To provide the solution, JavaScript adds one more special internal property for functions: [[HomeObject]].

When a function is specified as a class or object method, its [[HomeObject]] property becomes that object.

Then super uses it to resolve the parent prototype and its methods.

Let’s see how it works, first with plain objects:

let animal = {
  name: "Animal",
  eat() {         // animal.eat.[[HomeObject]] == animal
    alert(`${this.name} eats.`);
  }
};

let rabbit = {
  __proto__: animal,
  name: "Rabbit",
  eat() {         // rabbit.eat.[[HomeObject]] == rabbit
    super.eat();
  }
};

let longEar = {
  __proto__: rabbit,
  name: "Long Ear",
  eat() {         // longEar.eat.[[HomeObject]] == longEar
    super.eat();
  }
};

// works correctly
longEar.eat();  // Long Ear eats.

It works as intended, due to [[HomeObject]] mechanics. A method, such as longEar.eat, knows its [[HomeObject]] and takes the parent method from its prototype. Without any use of this.

Methods are not “free”

As we’ve known before, generally functions are “free”, not bound to objects in JavaScript. So they can be copied between objects and called with another this.

The very existence of [[HomeObject]] violates that principle, because methods remember their objects. [[HomeObject]] can’t be changed, so this bond is forever.

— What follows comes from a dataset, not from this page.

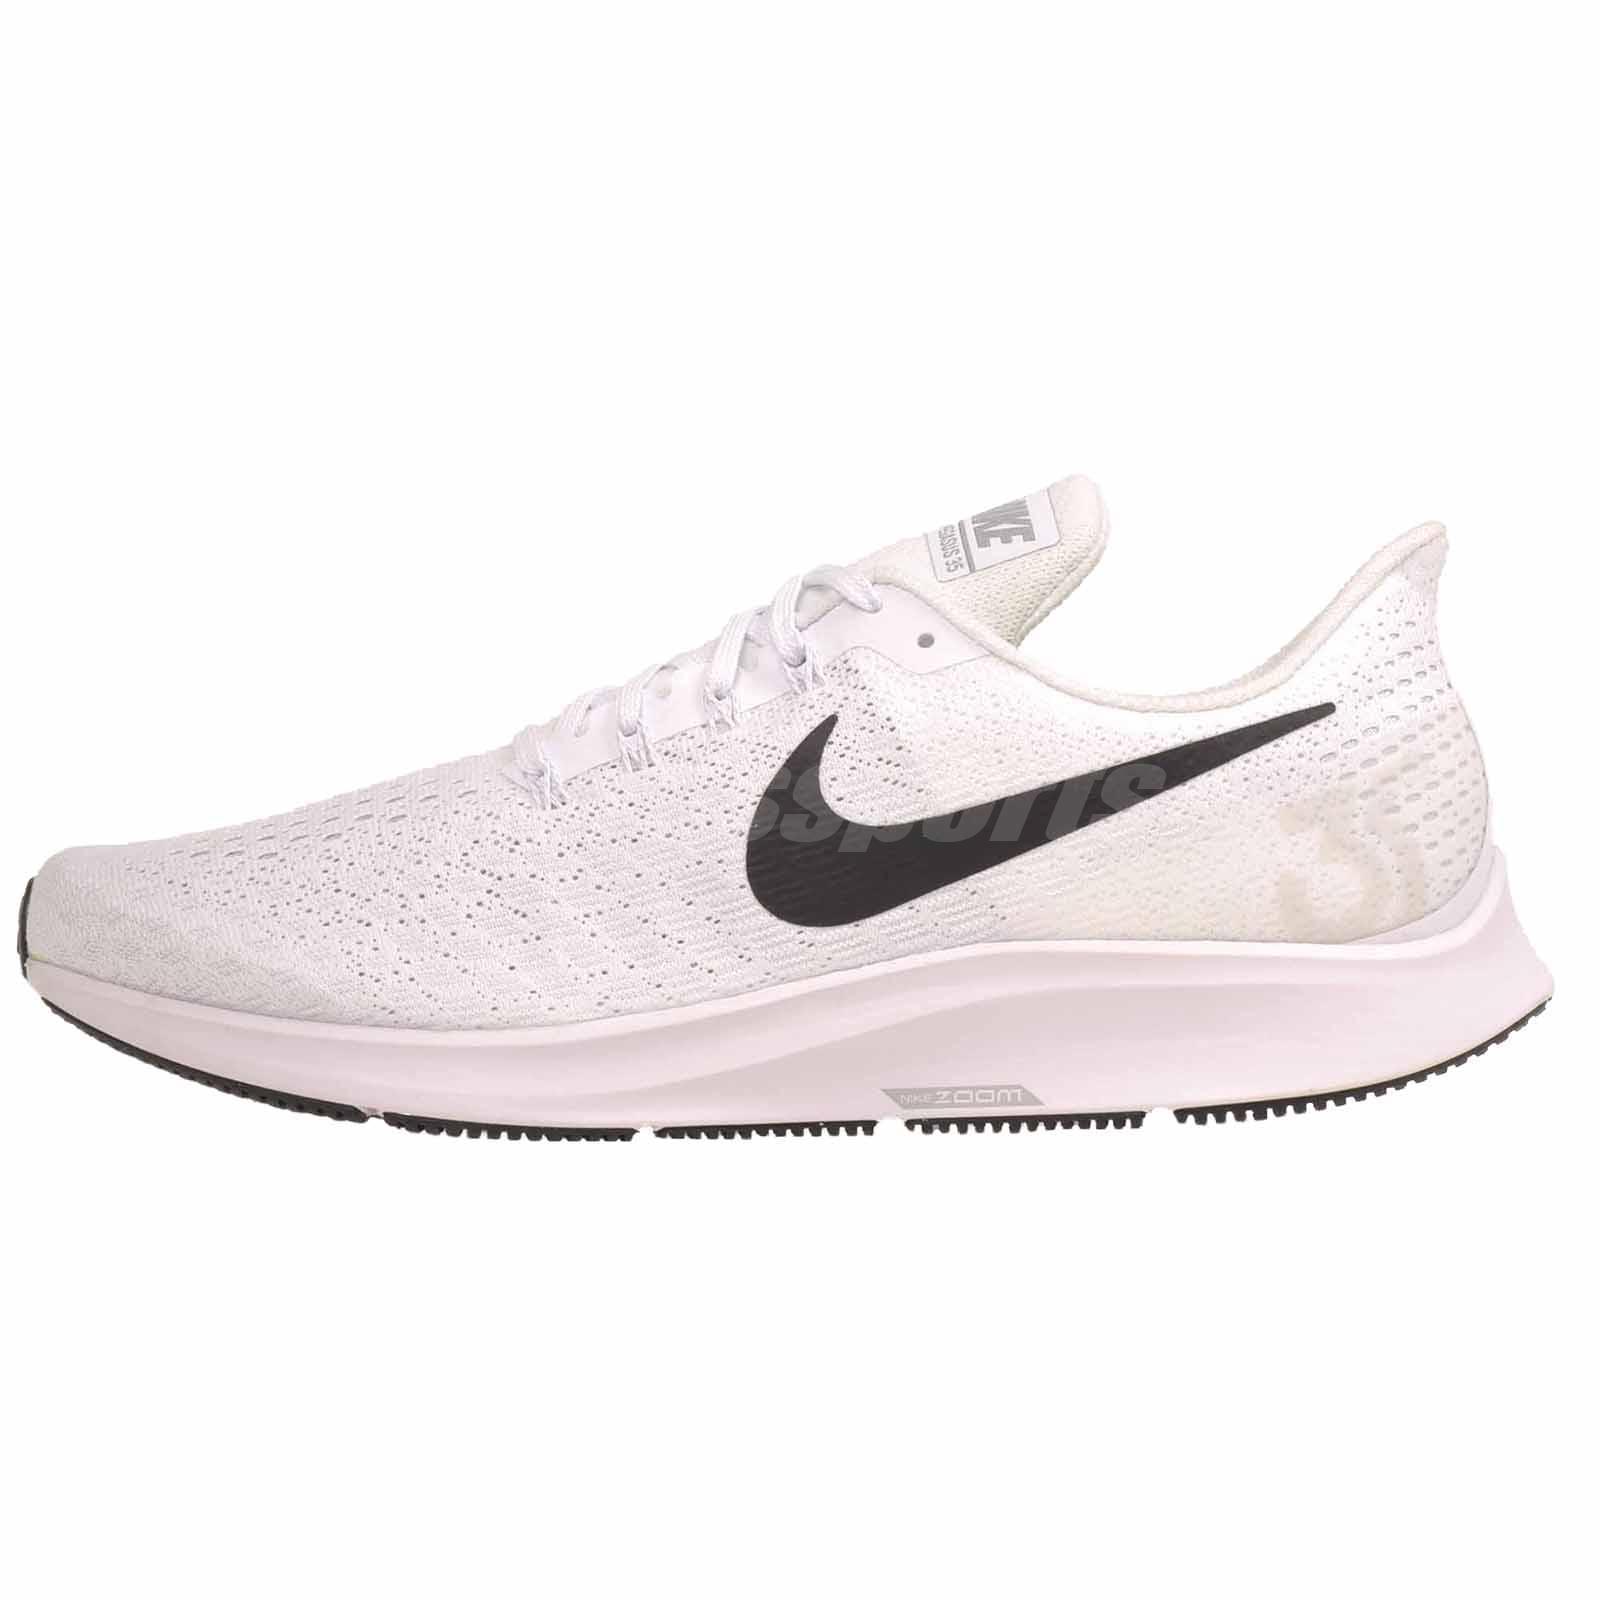 Nike Air Zoom Pegasus 35 TB Running

The only place in the language where [[HomeObject]] is used – is super. So, if a method does not use super, then we can still consider it free and copy between objects. But with super things may go wrong.

Here’s the demo of a wrong super result after copying:

let animal = {
  sayHi() {
    alert(`I'm an animal`);
  }
};

// rabbit inherits from animal
let rabbit = {
  __proto__: animal,
  sayHi() {
    super.sayHi();
  }
};

let plant = {
  sayHi() {
    alert("I'm a plant");
  }
};

// tree inherits from plant
let tree = {
  __proto__: plant,
  sayHi: rabbit.sayHi // (*)
};

tree.sayHi();  // I'm an animal (?!?)

A call to tree.sayHi() shows “I’m an animal”. Definitely wrong.

The reason is simple:

• In the line (*), the method tree.sayHi was copied from rabbit. Maybe we just wanted to avoid code duplication?
• Its [[HomeObject]] is rabbit, as it was created in rabbit. There’s no way to change [[HomeObject]].
• The code of tree.sayHi() has super.sayHi() inside. It goes up from rabbit and takes the method from animal.

Here’s the diagram of what happens:

Methods, not function properties

[[HomeObject]] is defined for methods both in classes and in plain objects. But for objects, methods must be specified exactly as method(), not as "method: function()".

The difference may be non-essential for us, but it’s important for JavaScript.

In the example below a non-method syntax is used for comparison. [[HomeObject]] property is not set and the inheritance doesn’t work:

let animal = {
  eat: function() { // intentionally writing like this instead of eat() {...
    // ...
  }
};

let rabbit = {
  __proto__: animal,
  eat: function() {
    super.eat();
  }
};

rabbit.eat();  // Error calling super (because there's no [[HomeObject]])

Summary

1. To extend a class: class Child extends Parent:
   • That means Child.prototype.__proto__ will be Parent.prototype, so methods are inherited.
2. When overriding a constructor:
   • We must call parent constructor as super() in Child constructor before using this.
3. When overriding another method:
   • We can use super.method() in a Child method to call Parent method.
4. Internals:
   • Methods remember their class/object in the internal [[HomeObject]] property. That’s how super resolves parent methods.
   • So it’s not safe to copy a method with super from one object to another.

Also:

• Arrow functions don’t have their own this or super, so they transparently fit into the surrounding context.